Filed Date: 6/26/2000
Status: Precedential
Modified Date: 11/1/2024
In an action to recover damages for personal injuries, the plaintiff appeals from an order of the Supreme Court, Richmond County (Lebowitz, J.), dated May 18, 1999, which granted the separate motions of the defendant and the third-party defendant for summary judgment dismissing the complaint.
Ordered that the order is affirmed, with one bill of costs.
After the defendant and third-party defendant made out prima facie cases for summary judgment, the plaintiff, in opposition to the motions, alleged for the first time that she was forced to walk through an automatic vehicle gate in a parking lot because of negligent snow removal.
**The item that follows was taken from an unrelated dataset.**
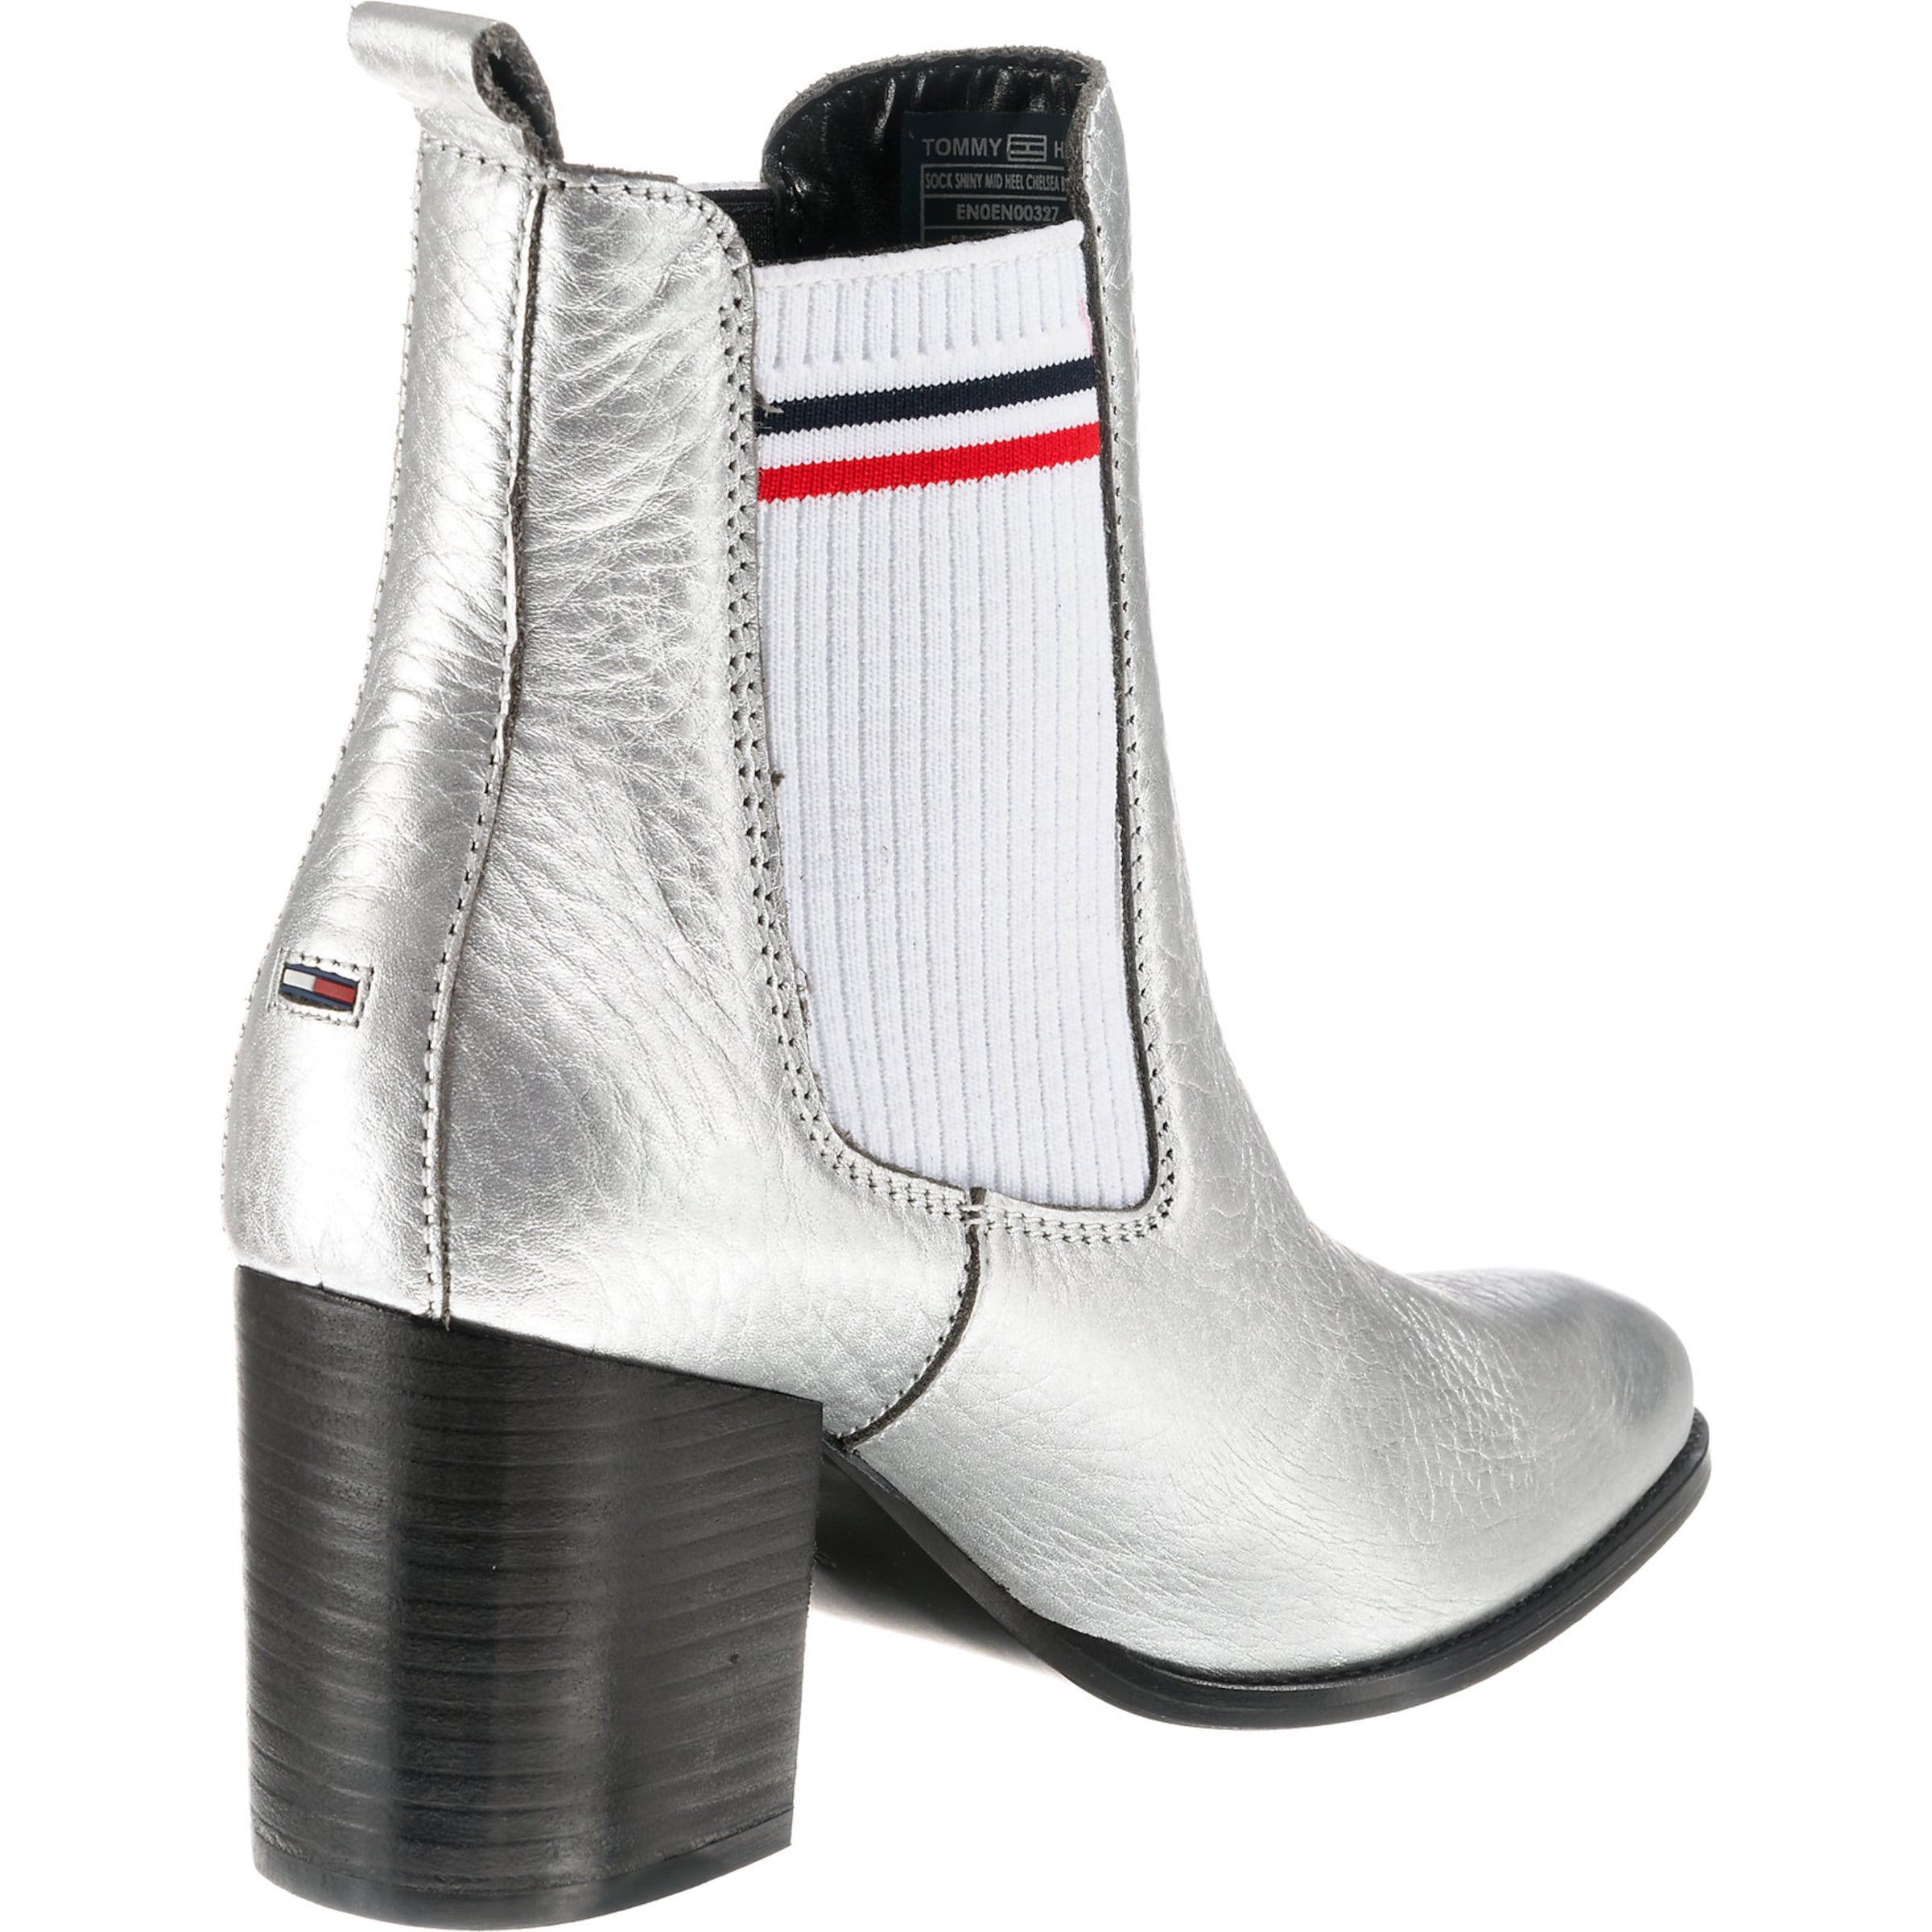 Shiny Mid Heel' Tommy In Weiß Boot 'sock Silber NavyRot Jeans SzMVLUqjGp

The Supreme Court appropriately refused to consider the allegation. A plaintiff cannot defeat an otherwise proper motion for summary judgment by asserting a new theory of liability for negligence for the first time in opposition to the motion (see, Scanlon v Stuyvesant Plaza, 195 AD2d 854; Alvarez v Lindsay Park Hous. Corp., 175 AD2d 225). Accordingly, the Supreme Court properly granted the motions for summary judgment.
The plaintiff’s remaining contentions are without merit. O’Brien, J. P., Goldstein, Luciano and Smith, JJ., concur.